ID | Height (m) | DBH (cm) | Species | Code |
---|---|---|---|---|
1 | 14 | 26.8 | Western Hemlock | HW |
2 | 18 | 30.5 | Western Hemlock | HW |
3 | 16 | 28.7 | Western Hemlock | HW |
4 | 25 | 36.0 | Douglas-Fir | FD |
5 | 20 | 34.6 | Douglas-Fir | FD |
NA | NA | NA | Trembling Aspen | AT |
NA | NA | NA | Balsam Fir | BB |
NA | NA | NA | Western Red Cedar | CW |
NA | NA | NA | Birch | E |
NA | NA | NA | Yellow Cedar | YC |
5.6.1 Right and Left Outer Join
Sometimes, it may be desirable to join attributes or tuples from one relation, but not the other. For these cases, we can use either right outer join or left outer join. Formally, right outer join is expressed as \(R⋉S\) and evaluates to:
## Joining, by = "Species"
ID | Height (m) | DBH (cm) | Species | Code |
---|---|---|---|---|
1 | 14 | 26.8 | Western Hemlock | HW |
2 | 18 | 30.5 | Western Hemlock | HW |
3 | 16 | 28.7 | Western Hemlock | HW |
4 | 25 | 36.0 | Douglas-Fir | FD |
5 | 20 | 34.6 | Douglas-Fir | FD |
NA | NA | NA | Trembling Aspen | AT |
NA | NA | NA | Balsam Fir | BB |
NA | NA | NA | Western Red Cedar | CW |
NA | NA | NA | Birch | E |
NA | NA | NA | Yellow Cedar | YC |
Formally, left outer join is expressed as \(R⋊S\) and evaluates to:
## Joining, by = "Species"
ID | Height (m) | DBH (cm) | Species | Code |
---|---|---|---|---|
1 | 14 | 26.8 | Western Hemlock | HW |
2 | 18 | 30.5 | Western Hemlock | HW |
3 | 16 | 28.7 | Western Hemlock | HW |
4 | 25 | 36.0 | Douglas-Fir | FD |
5 | 20 | 34.6 | Douglas-Fir | FD |
5.6.2 Theta Join
We can also join relations conditionally and without sharing a common attribute, which is known as a theta join and expressed as \(R⋈_θS\). To understand how a theta join works, it is useful to recognize that \(R⋈_θS=σ_{θ}(R×S)\). As you can see, a theta join is simply a selection of a Cartesian product where theta \(θ\) is the predicate. For example, \(R⋈_{height>19}S\) evaluates to:
## Joining, by = "Species"
ID | Height (m) | DBH (cm) | Species | Code |
---|---|---|---|---|
4 | 25 | 36.0 | Douglas-Fir | FD |
5 | 20 | 34.6 | Douglas-Fir | FD |
5.6.3 Cardinality of Joins
Depending on the schema of the two relations being joined, the number of tuples joined from one relation to another can vary and is known as cardinality. In the simplest case, one tuple in \(R\) is joined to one tuple in \(S\), and this cardinality is known as one-to-one usually expressed as 1:1. The natural join example above, \(R⋈S\), is an example of one-to-many (1:M) or many-to-one (M:1) cardinality because one species tuple found in \(S\) corresponds to many species tuples in \(R\). Finally, many-to-many (M:M) cardinality describes the case where there are multiple tuples in \(R\) that correspond to multiple tuples in \(S\). An example of a many-to-many relationship might be many species of trees in \(R\) that correspond to many forest stands in \(S\). In other words, a forest stand might be comprised of many species and any particular species might be found in many forest stands. Figure 5.7 illustrates how cardinality might emerge depending on the relational schema and problem at hand.

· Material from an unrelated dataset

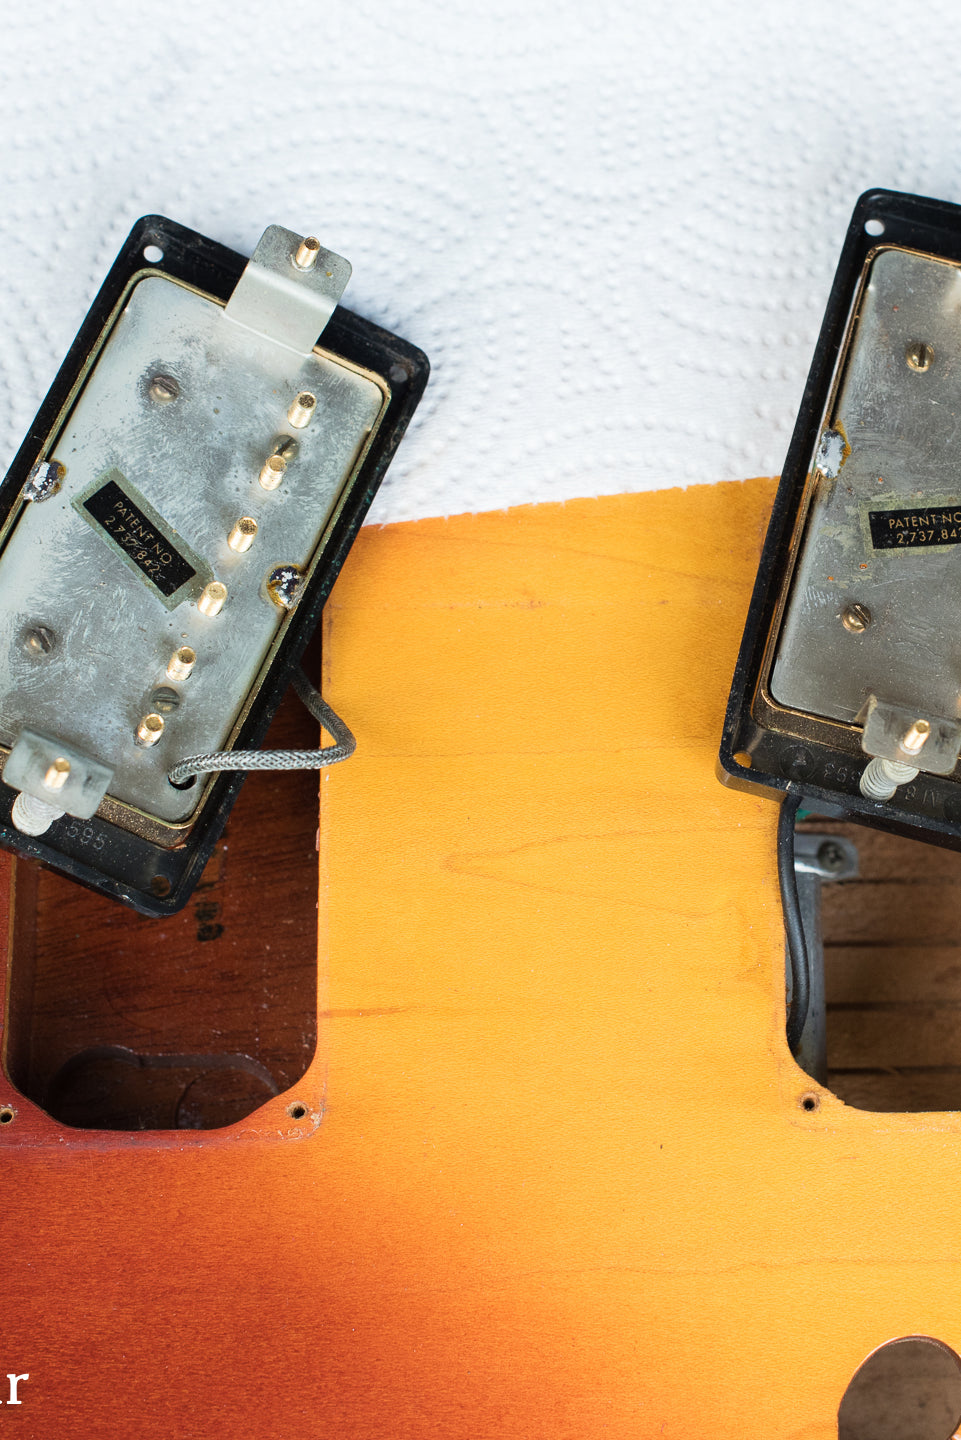 Patent number sticker humbucking pickups, Vintage 1972 Gibson ES-345 Stereo Sunburst

5.6.4 Structured Query Language
Throughout this chapter, we have seen the various ways that relations are manipulated through relational algebra, Boolean logic, and joins. Since a GIS relies on a RDBMS to interact with data, especially data in the attribute table, geomatics professionals literally need a language to programmatically execute relational algebra, joins, and the other functions of a RDBMS within the GIS software. Such languages are known as query languages, each with its own syntax and use. By far, the most commonly used query language for RDBMS in GIS and across other systems is Structured Query Language abbreviated SQL and pronounced “sequel.” SQL has five primary language elements: 1. Clauses state an action or operation; 2. Expressions evaluate to a value; 3. Predicates evaluate an expression using equivalency and Boolean operators; 4. Queries apply set selection on a predicate; and 5. Statements are the combination of all the elements above
SQL has numerous keywords, which are the actions that comprise a clause. It is beyond the scope of this textbook to describe all of them, but most of the SQL keywords are implemented within GIS software in other ways. For example, you would rarely need to programmatically ADD
an attribute to a relation. Instead, you might click an “Add field” button within the GIS software you are using. Similarly, you might never programmatically UPDATE
the value for a tuple because most GIS software will allow you to simply double-click a cell in the table and change the value. The primary action that is nearly always performed programmatically with proper SQL syntax is applying a query, which is what we will focus on for this section.
SQL queries are fundamental for implementing set selection \(σ_{predicate}\) and they look like this:
SELECT attributes
FROM relation
WHERE predicate;
The entire form above is a statement, which is enclosed by a semi-colon at the end. The statement is comprised of three clauses using the keywords: SELECT
,FROM
, and WHERE
. The SELECT attributes
clause defines which attributes of the relation will be returned. You should recognize that this is the equivalent of applying a set projection \(Π_{attributes}\) to the entire set selection statement. You can specify attributes by name (e.g., SELECT Species
), but it is more common to return all of the attributes of the relation with an asterisk like SELECT *
. The FROM relation
clause defines which relation the selection is performed on. Keeping in mind that a RDBMS is comprised of many relations and at any given time you may have several different data sources open in your GIS software, the FROM
keyword helps to clarify exactly which relation contains the attributes defined by the SELECT
clause. Finally, the WHERE predicate
clause defines the predicate that will be evaluated for the set selection, and this is where the magic happens. Although this is the formal syntax for a SQL query, most GIS software will usually only require the user to define the predicate, so next we will look at how to construct different SQL queries on our relation \(R\).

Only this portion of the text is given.